Your instructions. Carry none of the pictures over; write out the complete data exactly.

Given material.
- - -

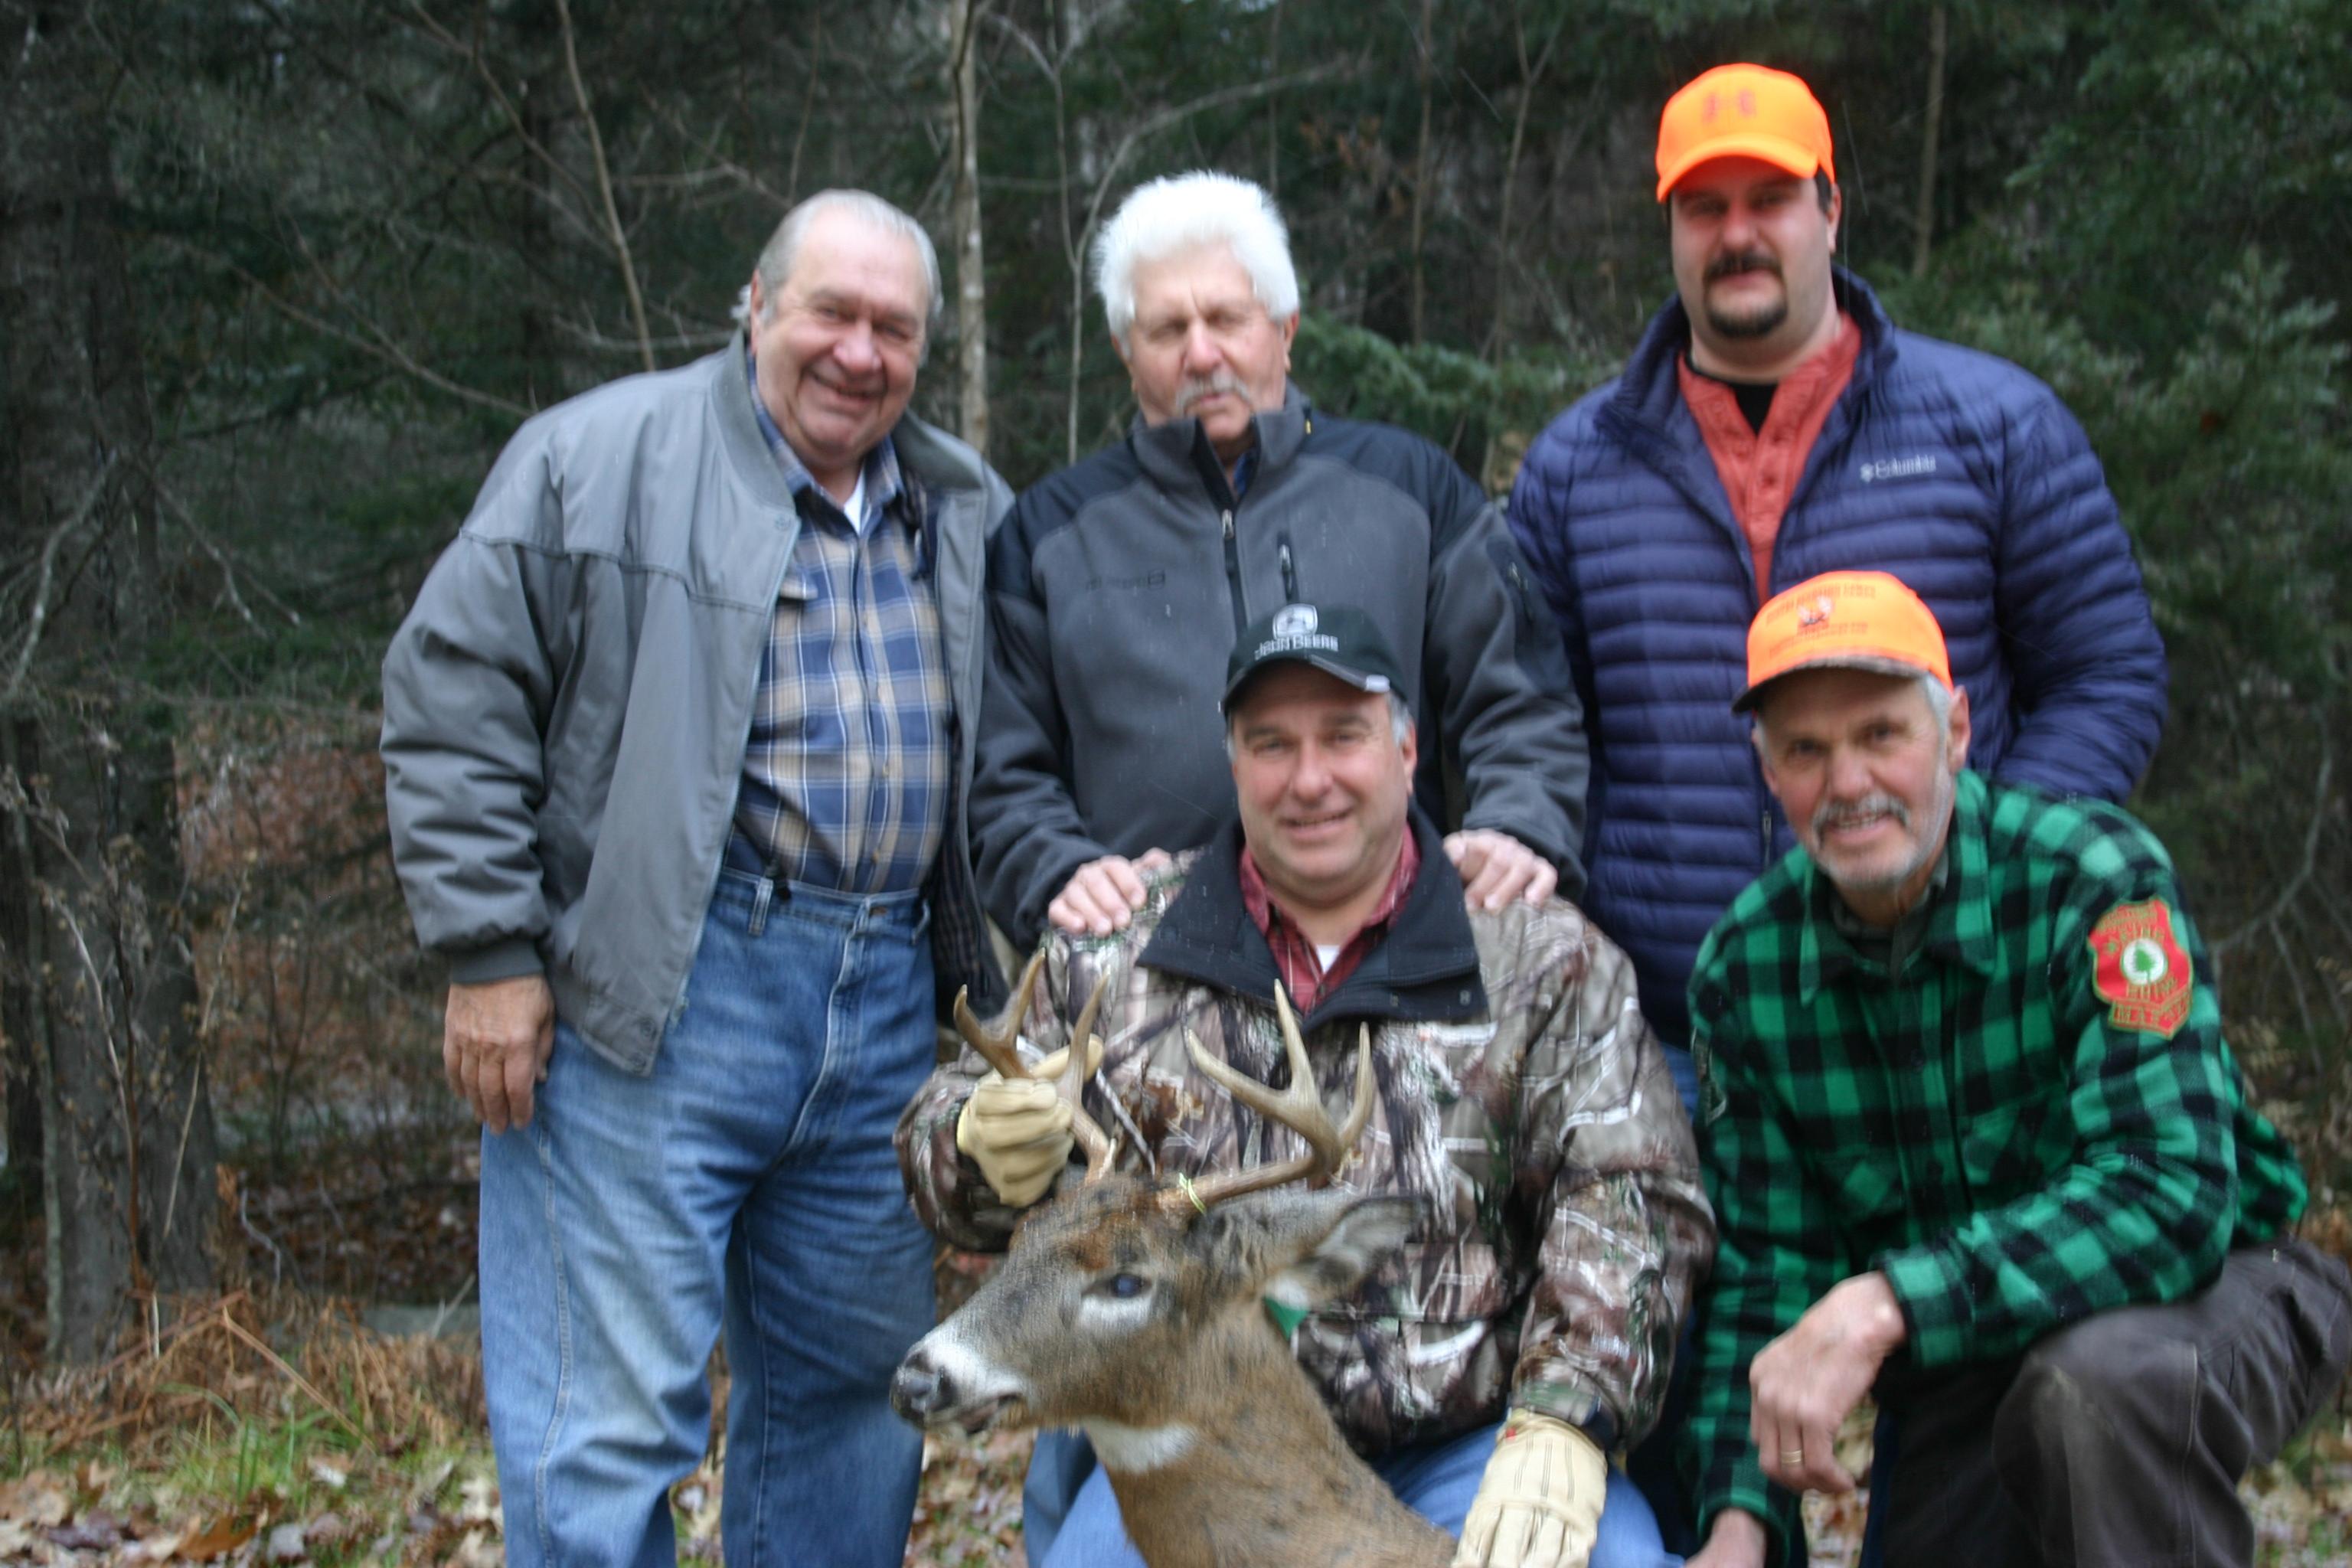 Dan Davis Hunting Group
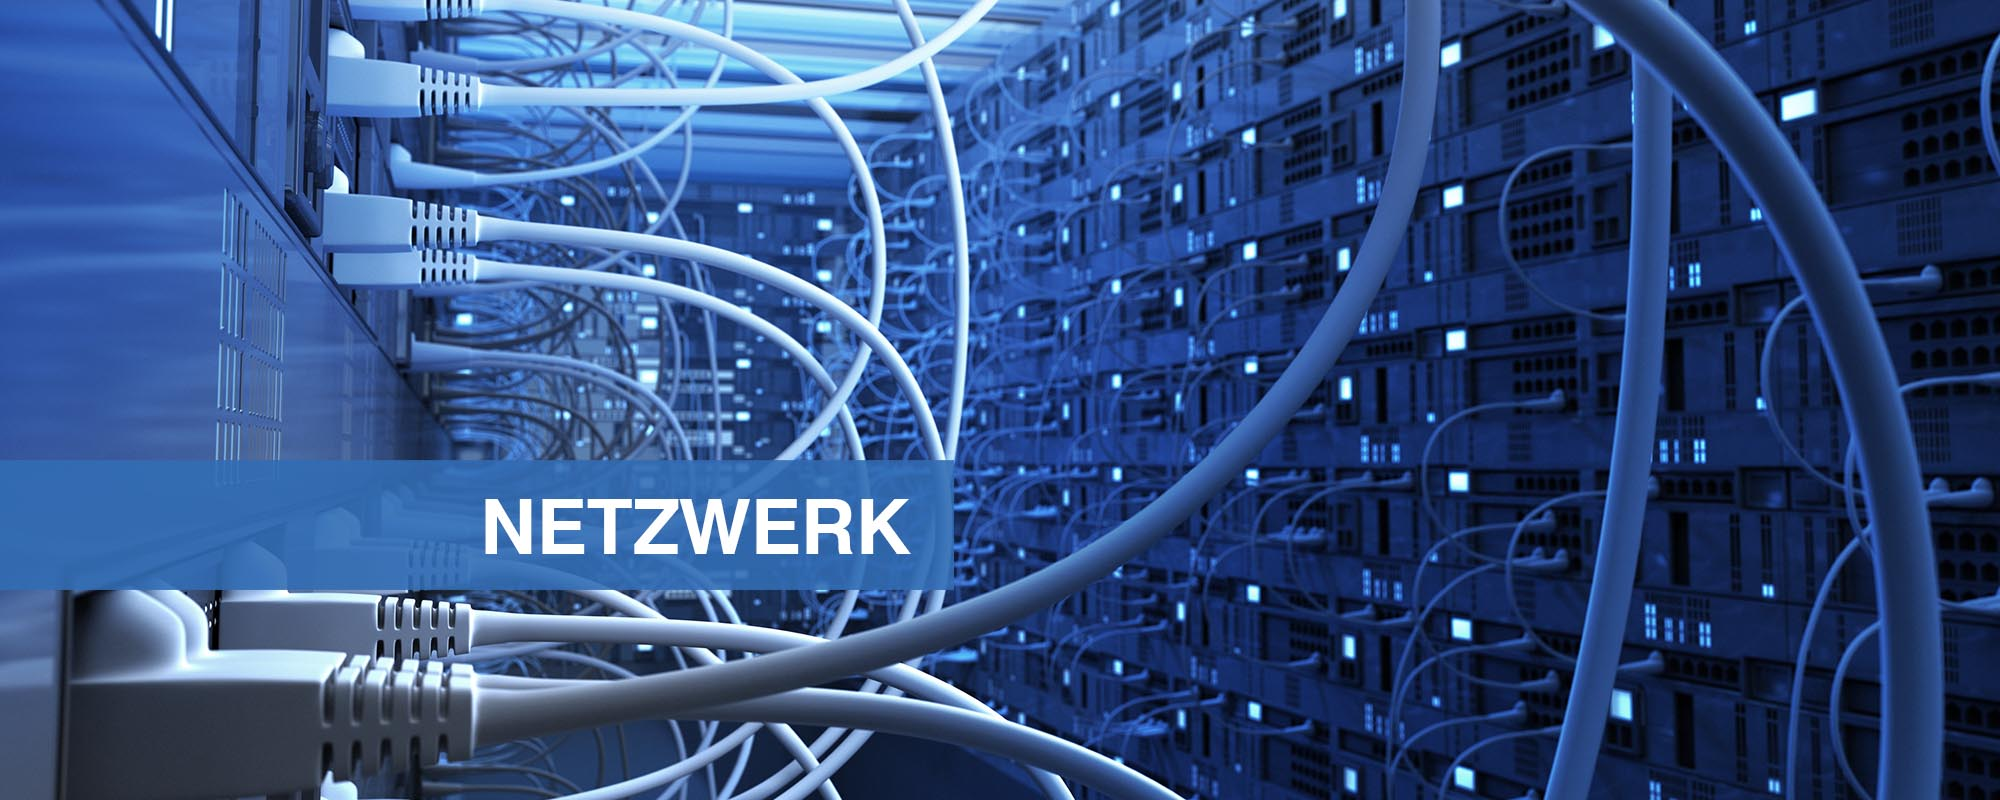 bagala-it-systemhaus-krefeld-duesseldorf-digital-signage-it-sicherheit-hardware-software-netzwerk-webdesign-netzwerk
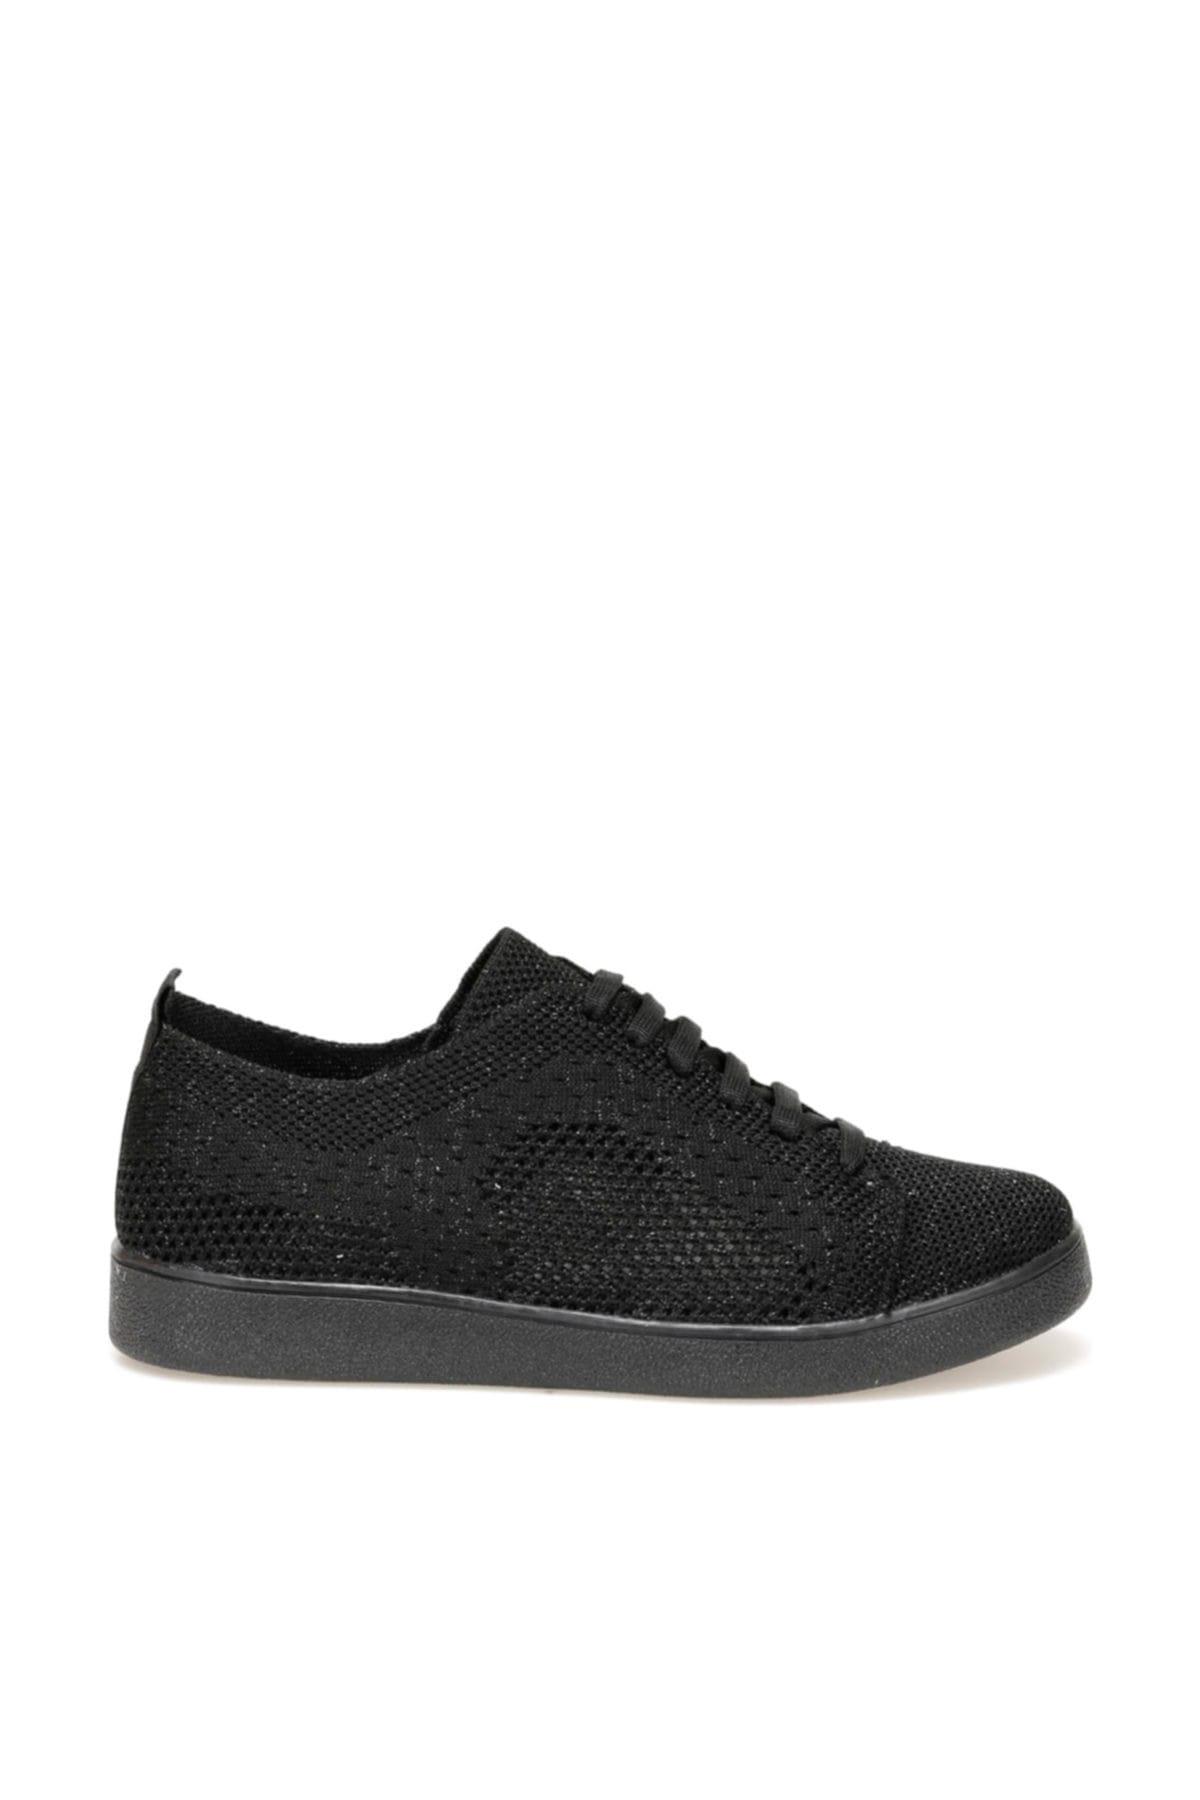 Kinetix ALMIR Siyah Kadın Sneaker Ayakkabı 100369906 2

- - -

Solution to the problem.
 Dan Davis Hunting Group
 bagala-it-systemhaus-krefeld-duesseldorf-digital-signage-it-sicherheit-hardware-software-netzwerk-webdesign-netzwerk
 Kinetix ALMIR Siyah Kadın Sneaker Ayakkabı 100369906 2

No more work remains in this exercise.